Monday, April 25, 2011

Light hands

I'm a thief. Plain and simple, pure klepto. It's in my blood now. I've tasted it and I crave it more and more every day.

Last week I was out running errands and my car was low on gas. I pulled into a station, parked at the pump, got out of my car and waited for the attendant. I'm not a big fan of waiting for someone else to pump my gas. I've lived in and visited many states where you are allowed to pump your own gas and it seems to be much more efficient. You hardly ever see a long line at a self-service station. I think they have a no-long-lines policy at theses establishments, either that or or they're just much more efficient. Anyway, so I'm waiting for the attendant to catch eyes with me so he knows that I need gas in my car more than anyone else that is here. There's two other people in this showdown with me. A young, professionally dressed woman with a green Chrysler and middle-aged man wearing a rather impressive sweat suit standing next to his mini-van.
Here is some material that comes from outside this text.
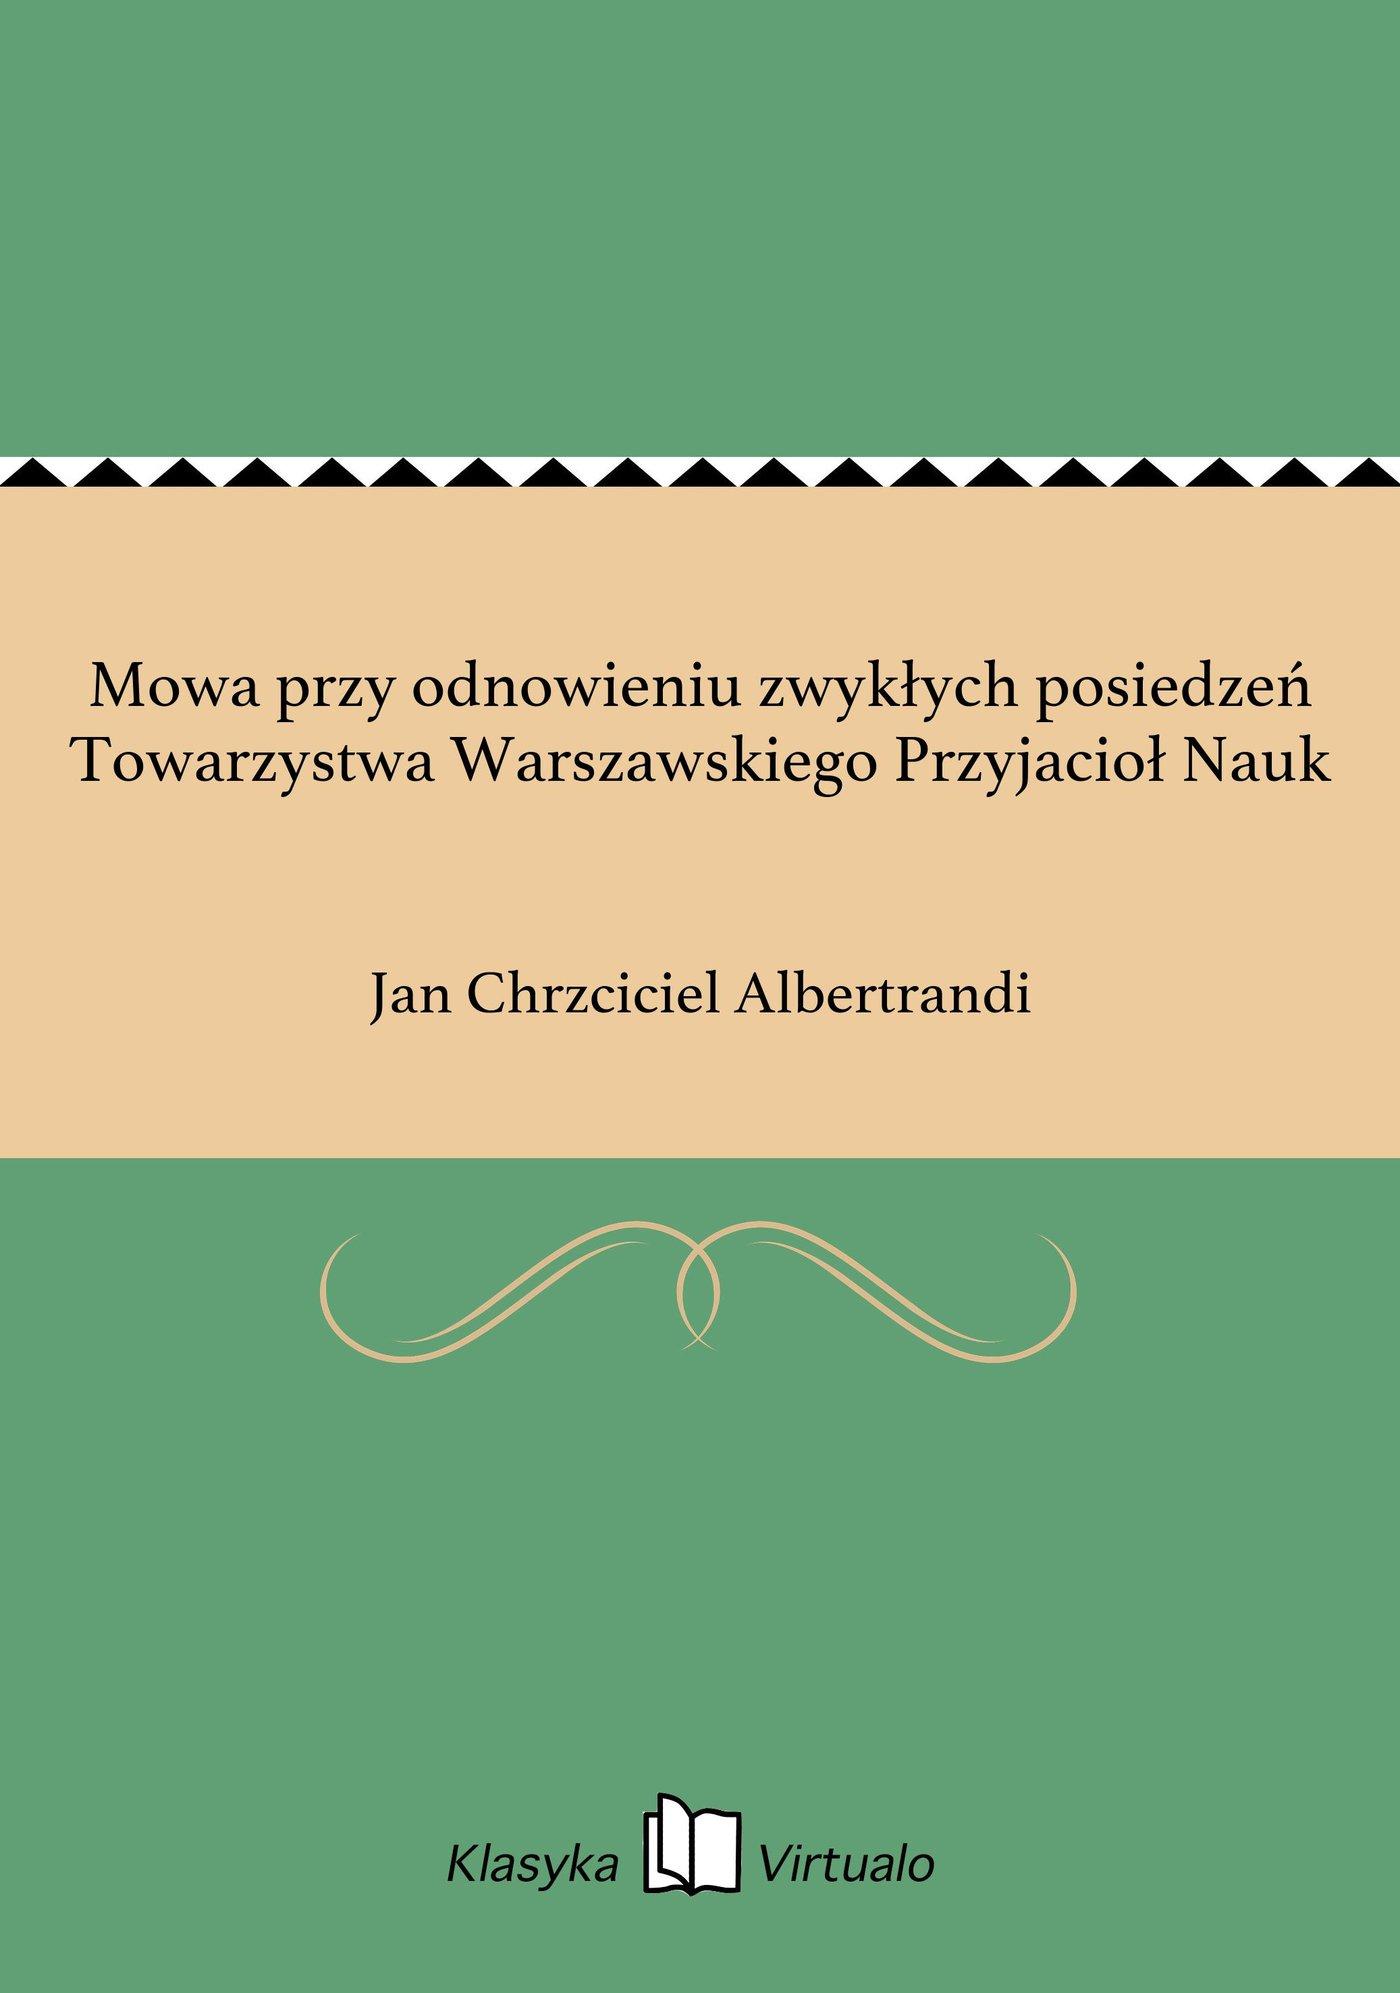 Mowa przy odnowieniu zwykłych posiedzeń Towarzystwa Warszawskiego Przyjacioł Nauk - Ebook (Książka EPUB) do pobrania w formacie EPUB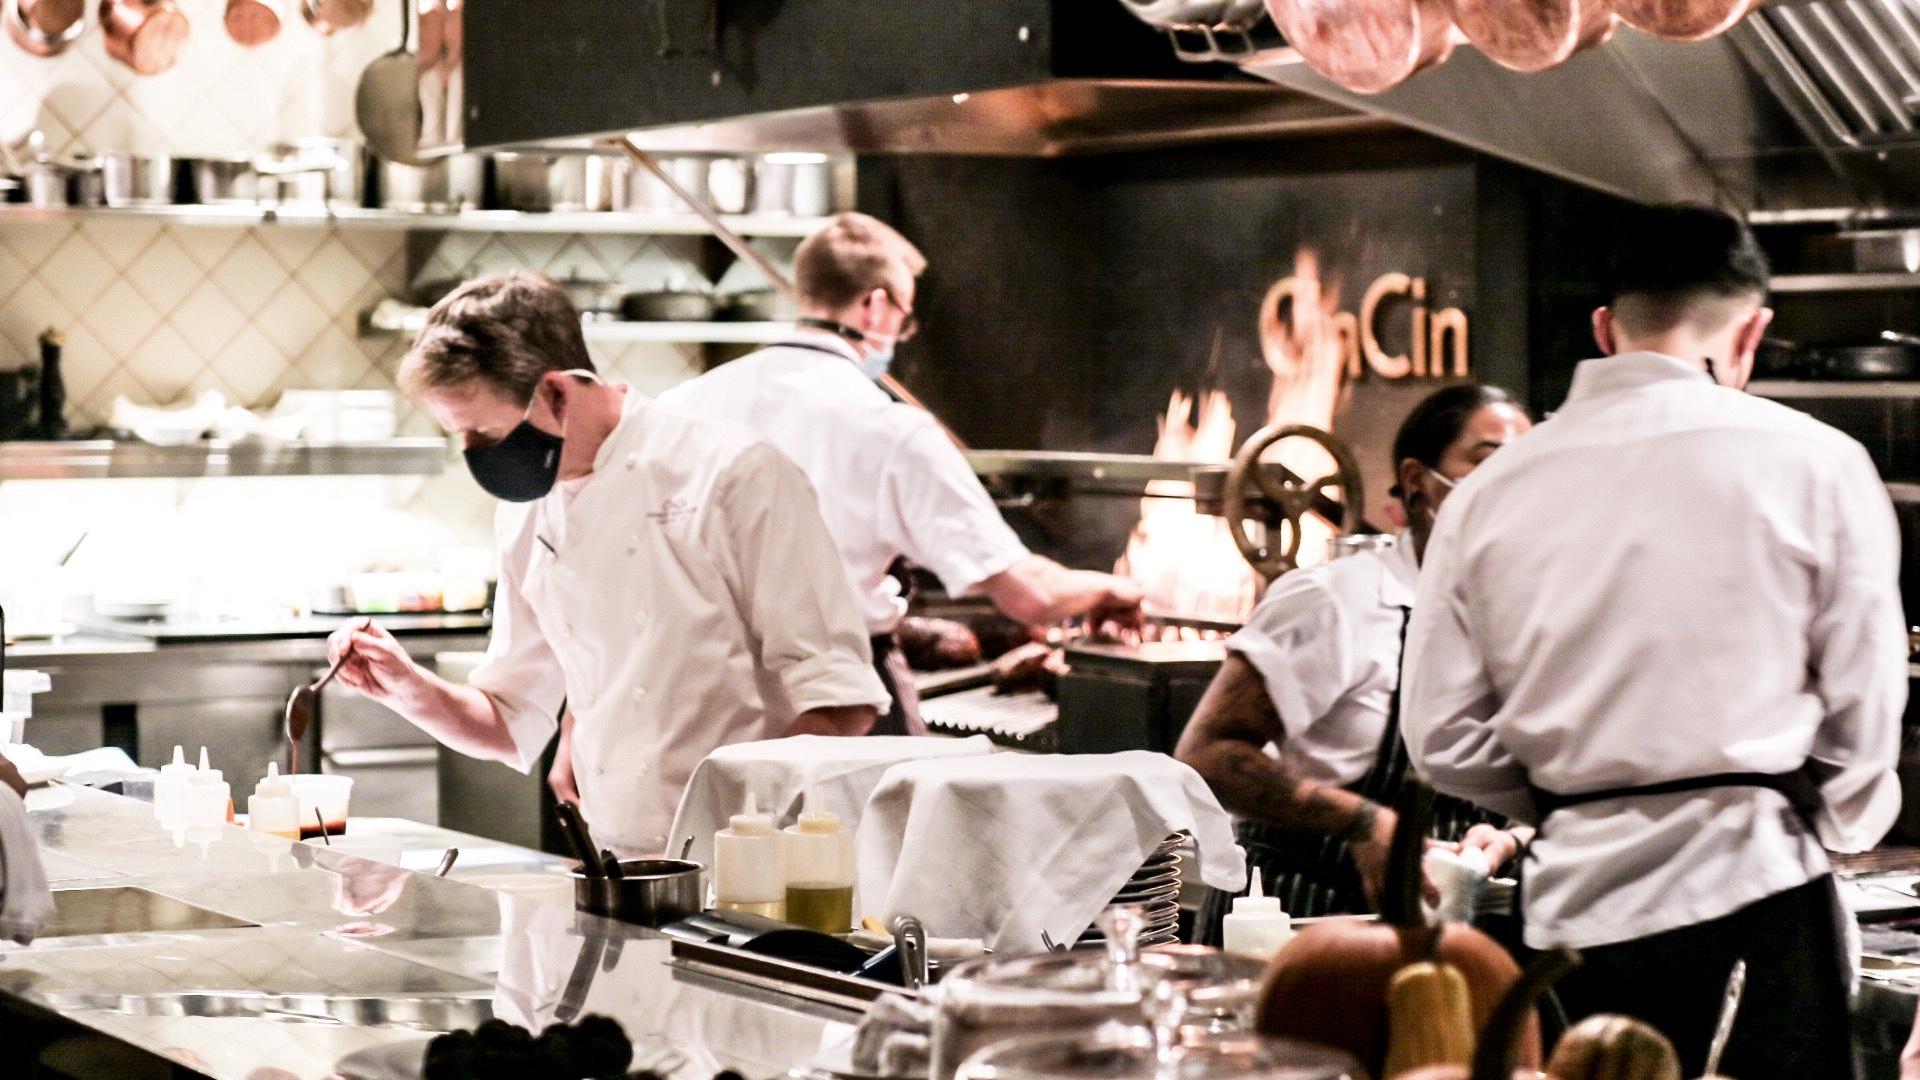 Executive Chef Andrew Richardson and Chef de Cuisine Andrea Alridge at CinCin

The man's eyes keep darting between his watch and the attendant as if the gym is going to close soon and the right people won't see him there solidifying his "in-shape" reputation. The woman is running her fingers through her hair, hoping somehow that her highlights will reflect the sunlight in the attendant's eyes or something. We're all looking at each other and then back to the attendant trying to remember which one of us actually got here first while still asserting that it was absolutely us, respectively. Me, actually. I was here first, really.

I have a dominant technique in regards to capturing the station attendant's attention. I've got this little reverse head nod, sort of inquisitive eyebrow raise thing going on. It's what works, you know. Getting that gas, that's what I'm about.

So at this particular station ( I'm not going to give the name and the reason for this will be clear in few moments ) won't let you pay with a debit card at the pump, so you have to go inside and wait for your tank to fill. Maybe they do this on purpose so you have to go in and be tempted by all of the bright colors and familiar logos on your favorite snacks and sodas and condoms or tiny tubes of toothpaste that are more than twice what you would pay at supermarket or drugstore. The longer I wait the more my mouth waters and I start to think, how long ago did I eat lunch? Mmmm Doritos. Snickers? Snapple? Hagen Daas? Nope. Much more unreasonable. I'm going way out of bounds with this decision - pepperoni stick. I know, I know, it's not even really meat. I think it's dirt and napkins soaked in corn syrup, but no mind, I'm putting it in my mouth.

What happens next is an eternity of waiting for the guy at the register to tell me that my car
is ready. And in this eternity, this is when it takes place. My moment. My chance to satiate my most carnal desire - eating shitty food and then forgetting that I did and leaving without paying for it. Yup. That's me, standing in the mini mart chinking away at this wrinkled, soggy tree branch of garlic and paprika telling myself, you'll just pay for it when he runs your card for the gas. But that doesn't happen at all. I just thumb the last little nub in my mouth and blackout.

Swipe you card.
Ok.
Enter your pin.
Yes, machine.
Do you agree to the $.45 service charge?
Yes, but f@%& you.
Do you want cash back? (Maybe to pay for that salty piece of pork ass that you just sucked down like soda slurp...)
No, thanks.

And now for my graceful exit. My get-away chariot awaits me. Here you go Mr. attendant, one stamped little piece of paper that says I'm an upstanding citizen, honest and true. Then, I get in my car, buckle my safety belt and drive off. As I'm pulling out onto the street I look into my side mirror and notice, not the attendant or the register clerk chasing me, but a sweat-suited, middle-aged man and a young, professionally dressed woman still impatiently waiting for their tanks to be filled.